Genotype and phenotype, though perhaps sounding a little like cartoon siblings, are both central concepts in basic genetics. They are related in the same fundamental way as "blueprint" and "building" or "recipe" and "meal": An organism's genotype supplies specific instructions to carry out an assembly job of some sort, whereas its phenotype represent the visible, tangible results of that assembly job.
To understand how the genotypes and phenotypes of human traits are related, a basic overview of inheritance patterns at the molecular level is in order.
Any complete trip though the world of modern genetics starts with Gregor Mendel, the monk whose painstaking experiments with breeding pea plants in the 19th century paved the way for the understanding of the discipline even before anyone knew what DNA or genes even were. Mendel bred plants with different phenotypes each other until only plants that looked identical with respect to specific traits were produced – for example, he created a "family" of plants that all had yellow round pods, and a different "family" that all had green wrinkled pods. He assumed that phenotypically identical plants in these families must have had the same molecular composition with respect their genetic material.
When he mated these lines of plants with each other, he noticed that some traits were more prevalent than others after several generations, and that no blending of certain traits would occur. Mendel realized that some traits would mask the presence of others but not obliterate them because they could emerge in subsequent generations, and that this had to do with variants of the material that produced a given trait (e.g., tall vs. short plants) known today as alleles. Each parent carried two copies of a given allele for each trait: Both could be dominant or both could be recessive, or one of each might be present. This genotype would determine the plant's phenotype.
Genotype and Phenotype Examples
To represent dominant and recessive alleles symbolically, and thus create a system for linking phenotypes and genotypes, geneticists assign alleles for a given trait a letter, with the dominant allele represented by a capital letter and the recessive allele given a lowercase letter. So if tall pea plants proved to be dominant over short plants, the letter "T" could represent the allele for tallness and "t" the allele for shortness.
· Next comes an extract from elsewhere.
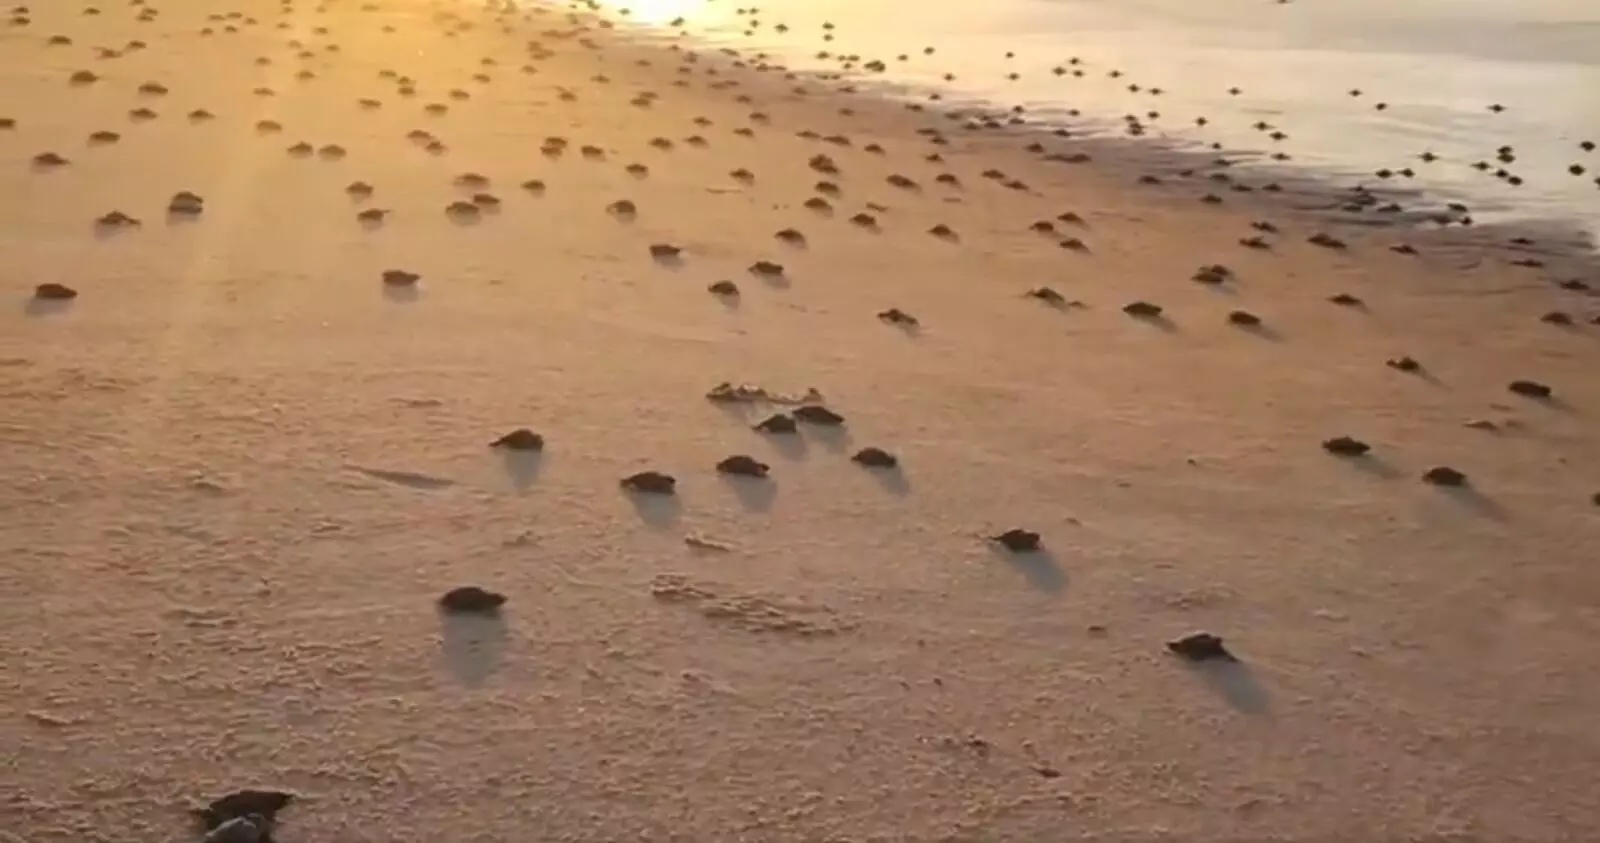 Baby Olive Ridley turtles break out of their eggshells

Each plant has two alleles for the trait of height, one from each parent plant; if a single "T" is present, the plant will grow tall, but two "t" alleles must be present for the plant to remain short.
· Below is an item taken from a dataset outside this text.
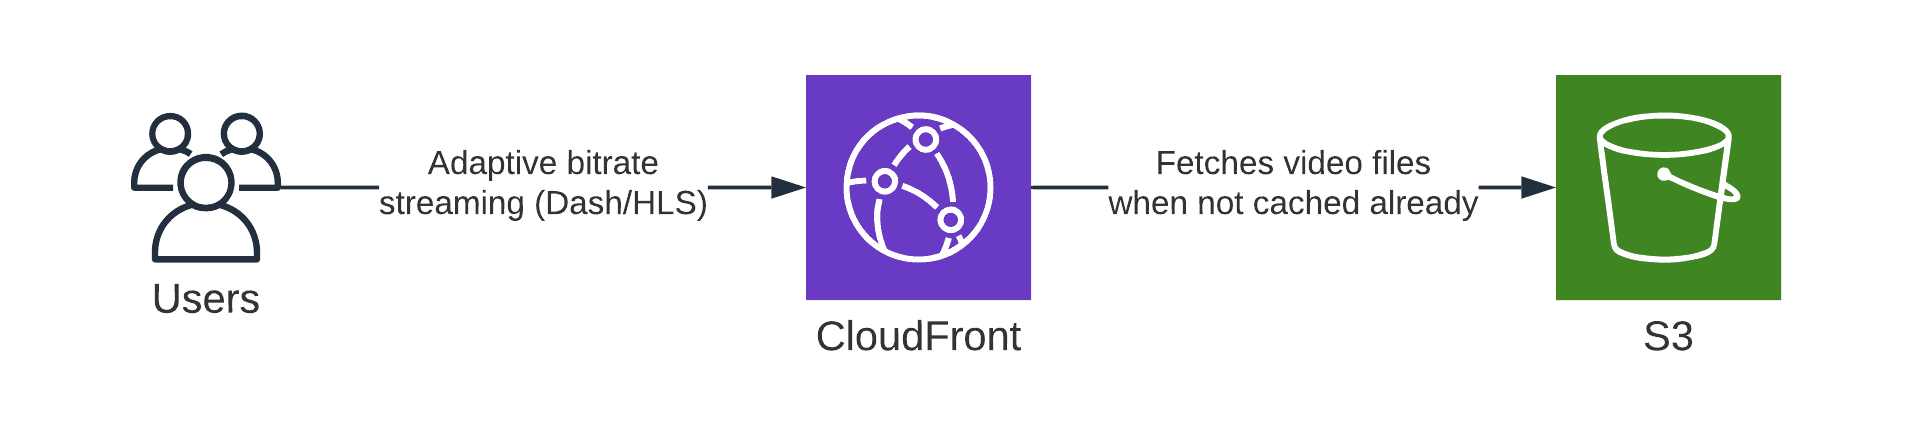 CloudFront is a Content Delivery Network (CDN) to distribute your video files globally

Thus the four possible genotypes for this plant are TT, tT, Tt and tt; the phenotype for the first three is "tall," while the phenotype for the last combination is "short." Importantly, as you can see, certain tall plants can contribute to shortness in later generations by passing along a "t" allele that has been masked in the case of its own life by a "T" allele. Phenotypes and genotypes of human traits work in the same essential way.
Sickle Cell Anemia
Sickle cell anemia is a disease of red blood cells in human beings in which the disordered condition results from the recessive genotype. The allele for a normally shaped red blood cell is usually labeled "A," and that for the malformed kind that tends to get stuck in capillaries and cannot carry oxygen properly is "a." The genotypes AA, Aa and aA do not result in clinical issues, but the Aa and aA genotypes are considered "carriers" of disease, whereas the aa genotype causes sickle cell anemia. Symptoms of the aa genotype include anemia (a low red blood cell count), frequent infections, chest pain and spleen problems. The disease can be managed but not cured. People with the phenotype aa, should they have children, can only pass along the damaging allele for this red blood cell trait, meaning that any offspring will either be carriers or have outright sickle-cell disease.